Plotting consulting project experience on the matrix
The biases introduced by the consulting firms’ typical business models, coupled with a lack of consultant-management skill on the client’s part, contribute to:
- Failure—when relatively junior consultants or consultants are employed in roles that could be sourced more cost-effectively elsewhere. Compounded by a lack of oversight and management on the part of the client, this results in an outright project failure or a result that significantly misses expectations.
- Over Payment—the project objectives were mostly achieved, but expensive consulting resources were used in staff- augmentation-type roles, so the project cost more than it should have.
- Under-Achievement—results are less than what could have been achieved with the assigned resources, often because the scope was not tightly managed and/or the client did not actively manage the consultant’s activities.
Only when buyers engage consultants based on merit and apply control over their consultants (starting with control over how they use them), and only when company staff are seen as integral to the project as the individual consultants can companies expect consultants to:
- Meet or exceed expectations. The client and consulting staff work together as an integrated team, with the consultant focused on advising, facilitating, knowledge-transfer roles and tasks that require expertise that the client does not have. At the same time, the client actively controls the relationship, the resources, the project and the deliverables.
Time to realize raised expectations
Companies will improve their track record in receiving full value from consultants if they focus on improving their level of control over their consultants and their consulting project, and if they pay close attention to how projects are staffed and which roles are filled by consultants. This requires leadership, participation and discipline on the part of management.
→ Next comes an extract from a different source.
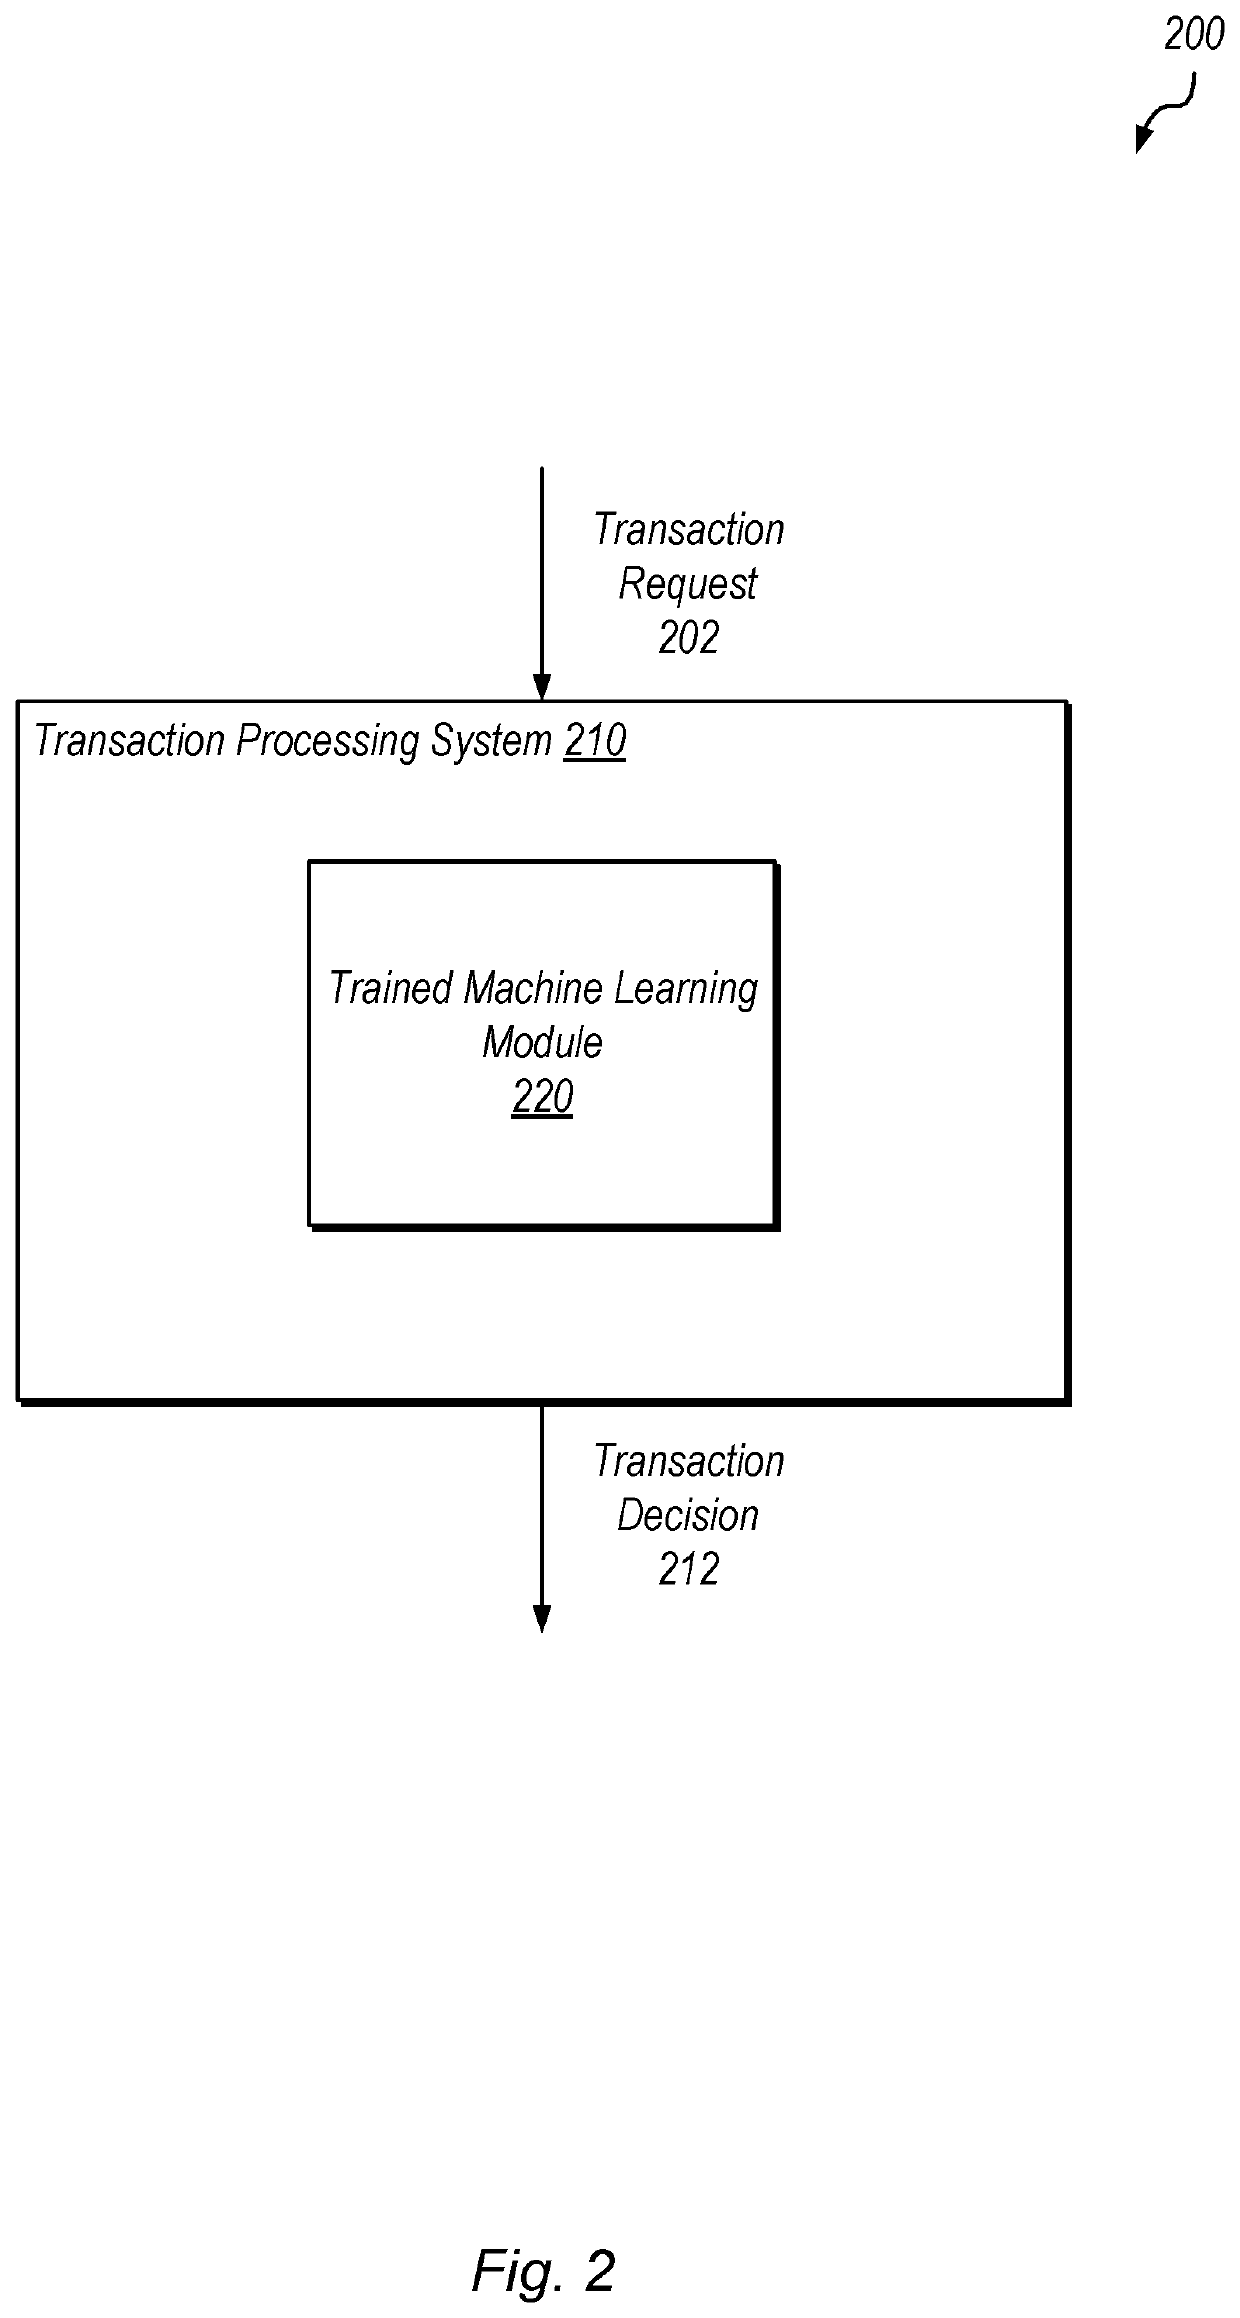 Machine learning module training using input reconstruction techniques and unlabeled transactions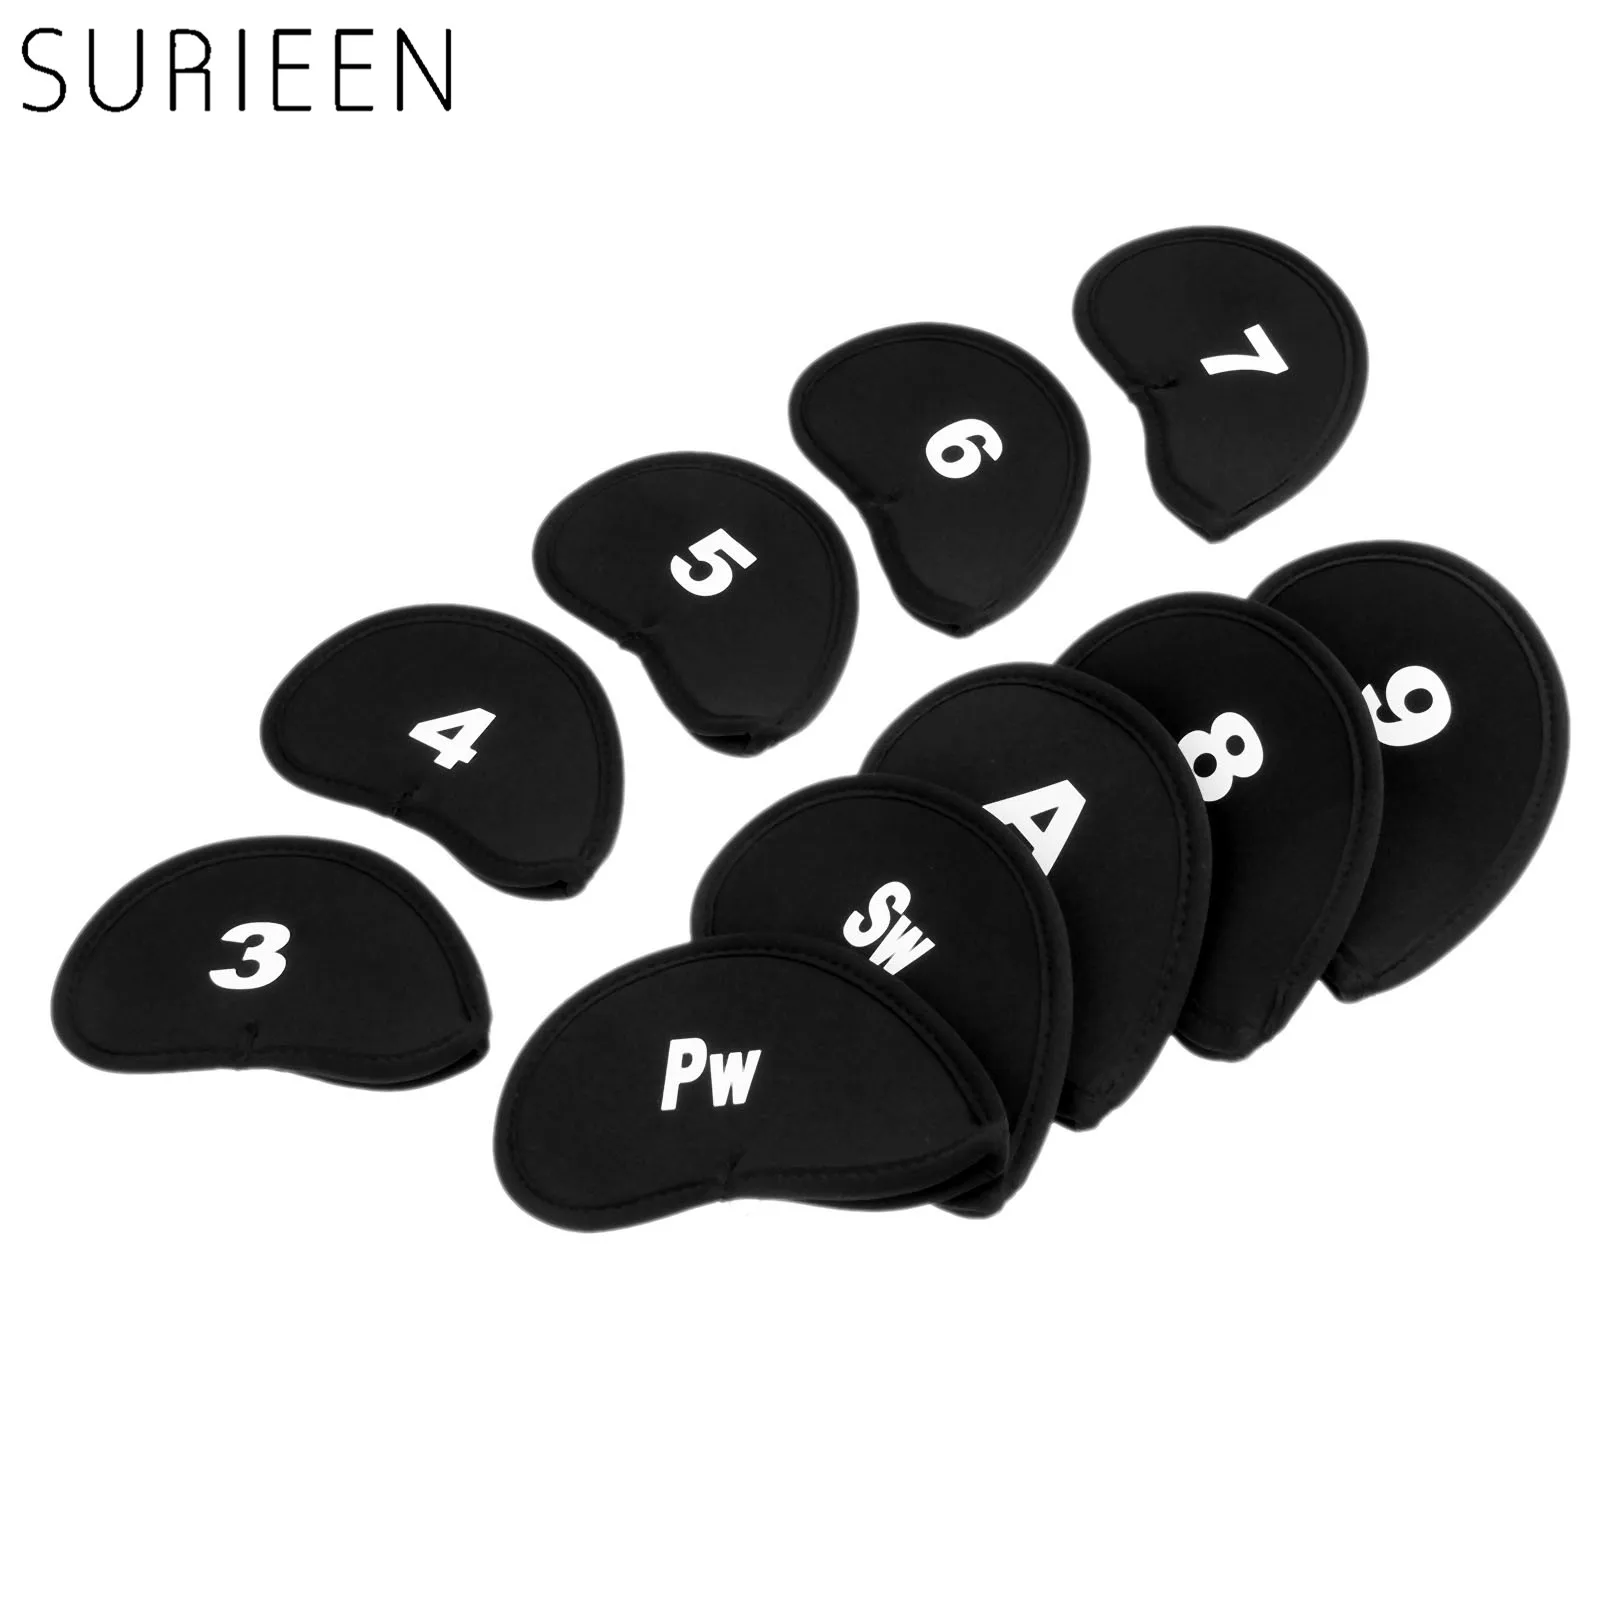 

Golf Club Iron Head Covers 10pcs Golf Headcovers Golf Club Iron Putter Head Protector Set Neoprene Protective Cover With Numbers

Effective consulting requires effective leadership.
High Value Consultant Roles
- Technical Expertise—functional, industry, methodology, project management
- Consulting Process—structured thinking, logical communications, facilitating change
- Third Party Perspective—independence, objectivity, external party experiences
Low Value-Added Roles of Consultants
- Resource Augmentation—research and data gathering, documentation, low-level programming and configuration, repetitive tasks, administration
- Reiteration of management’s perspectives
Effective client control
- Central point of accountability across the enterprise for consultant spend and for validation of the value realized from such spend.
- Executives define the problem, perhaps with some consultant support but without being unduly influenced by consultants.
- Executives define the metrics (documenting baseline and target values) for the desired business outcome against which the project will be measured.
- Executives, managers, and employees who will be working with consultants are educated on how to work with and manage consultants.
- The company configures the project team with a mix of competent internal employees, relevant contractors, and selected consultants in consultation with the chosen consulting firm.
- Each role is filled by someone who has the actual skills required and is committed for the appropriate duration and participation level to the project.
- The company provides their own consulting contract rather than working off the consulting firm’s standard version.
- The company retains a strong role in project management which may be supplemented with the consulting firm’s engagement manager.
- Consultants are controlled and managed during the course of their engagement as if they were an internal team.
- An independent group conducts post-completion reviews of consulting projects.
- Lessons learned by employees working on projects with consultants are captured, retained, and disseminated.